– Бог в помощь! – сказал спортсмен.
А Оля посмотрела на меня так, будто я шел в клетку к тигру – почти с ужасом. И остальные молча проводили взглядами до двери. Уверен, что когда дверь закрылась за мной, они все посмотрели друг на друга. Ну что ж, со мной их молитвы... Молитвы, не больше.
Черная, обитая дерматином дверь со стеклянной табличкой на уровне глаз надвигалась на меня медленно и неотвратимо. Дверь все росла, увеличивалась, пока не закрыла собой все пространство. Я коснулся лбом ее холодной поверхности. За ней – тишина. Опасность. Неожиданность.
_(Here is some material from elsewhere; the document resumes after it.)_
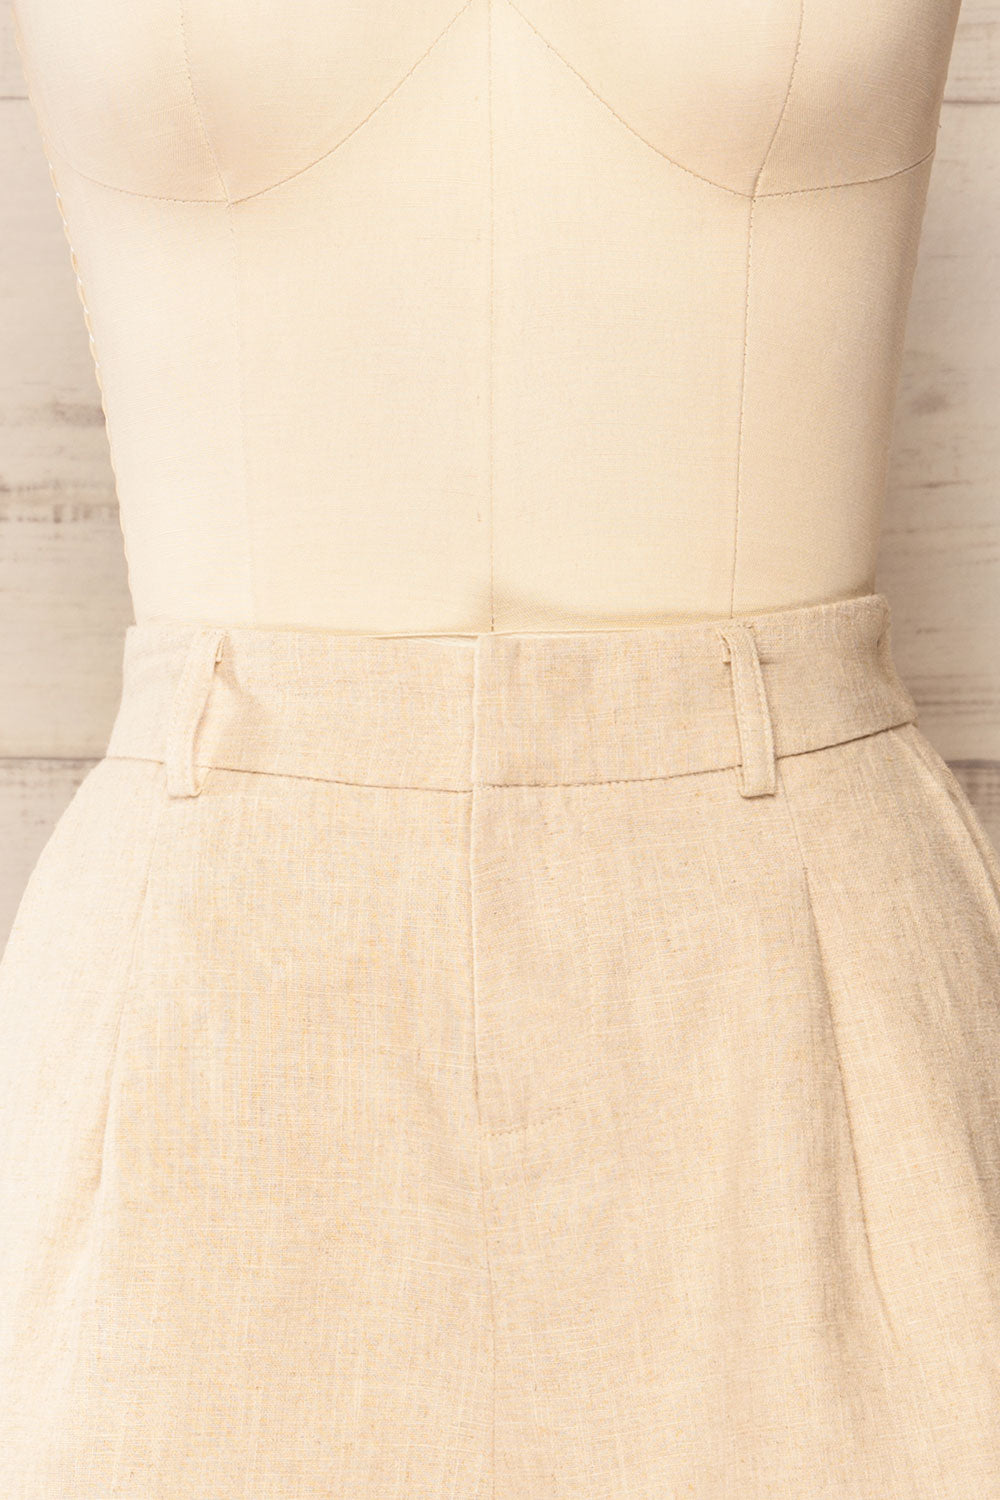 Lokeren Beige High-Waisted Linen Shorts | La petite garçonne front close-up
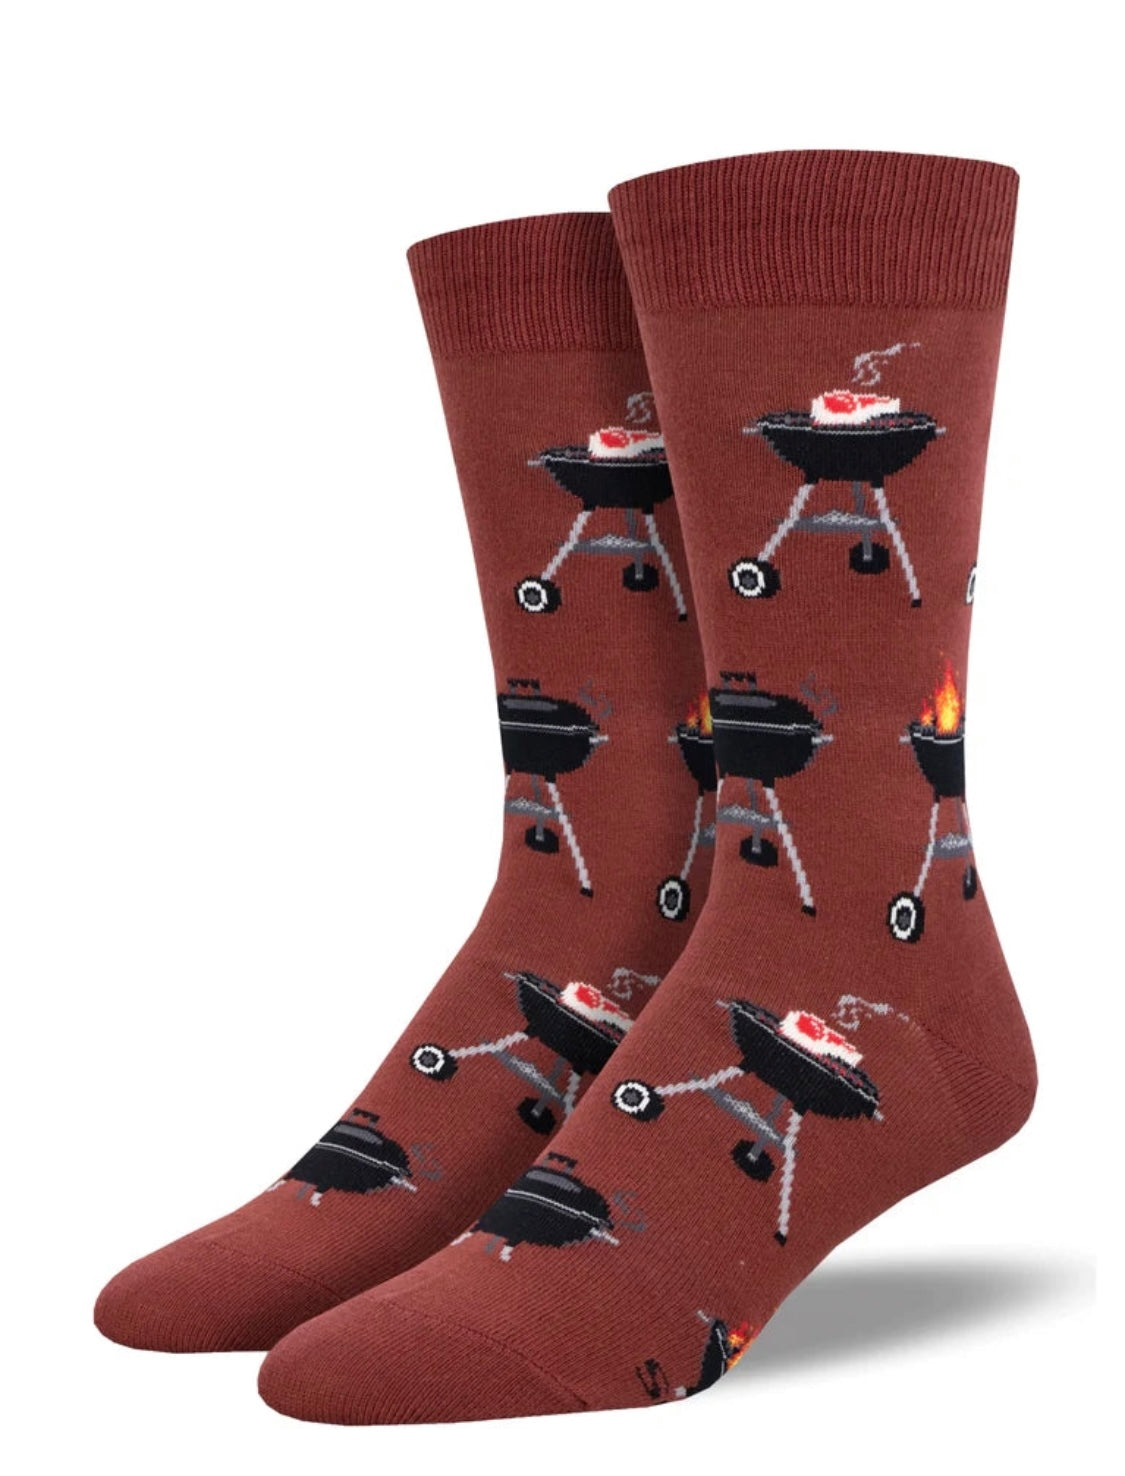 Socksmith - Novelty Socks

– Можно? – спросил я из коридора.
– Входите, – ответил он, не глядя. Бросил это слово, как бросают медяк в шапку надоедливому нищему, отвернув лицо в сторону, чтобы не вдохнуть неприятный запах.
Я остановился у двери. Опустил руки и скрестил их внизу, на животе. Аншеф очень правильно сидел за столом, как учат сидеть первоклассников. Что-то писал. Энергично и недовольно. Потом бросил ручку на мраморную подставку, прочел написанное и поднял глаза. Большие, почти прозрачные глаза. За тяжелыми квадратными очками они шевельнулись, как медузы в аквариуме. Да, по утрам – тысяча приседаний, еженедельно – марш-бросок на тридцать километров... И костюм, этот ужасный коричневый цвет...
– Я слушаю, – еще один медяк.
Слова, которые я говорил, тонули в его глазах, как камни в болоте. Буль! – и снова спокойно и гладко. Буль! Буль! – опять тишина и невозмутимость. Его глаза проглатывали слова, не меняя выражения, даже не двигаясь. И только за большим толстым лбом чувствовалось какое-то движение, только там расходились круги от моих слов.
Я замолчал, а он все продолжал смотреть на меня, словно ожидая услышать невесть что...
– Прийти-то вы пришли, и извиниться – извинились, а вот раскаяться в своем поступке – не раскаялись.
Он встал, подошел к окну, заложив руки за спину, принялся рассматривать горизонт. Потом резко обернулся.
– Молчите? Значит согласны? Думаете, я не знаю, почему вы пришли? Страшно вам. Квартира нужна. Должность. Денюжки, – он посучил пальцами перед моим носом. – Ну?
Я замолчал. Но почти с радостью почувствовал, как заворочался во мне тот самый нахал, опять заворочался, будто учуял что-то.
– А за ту девицу, прости господи, чего это вы вздумали заступаться?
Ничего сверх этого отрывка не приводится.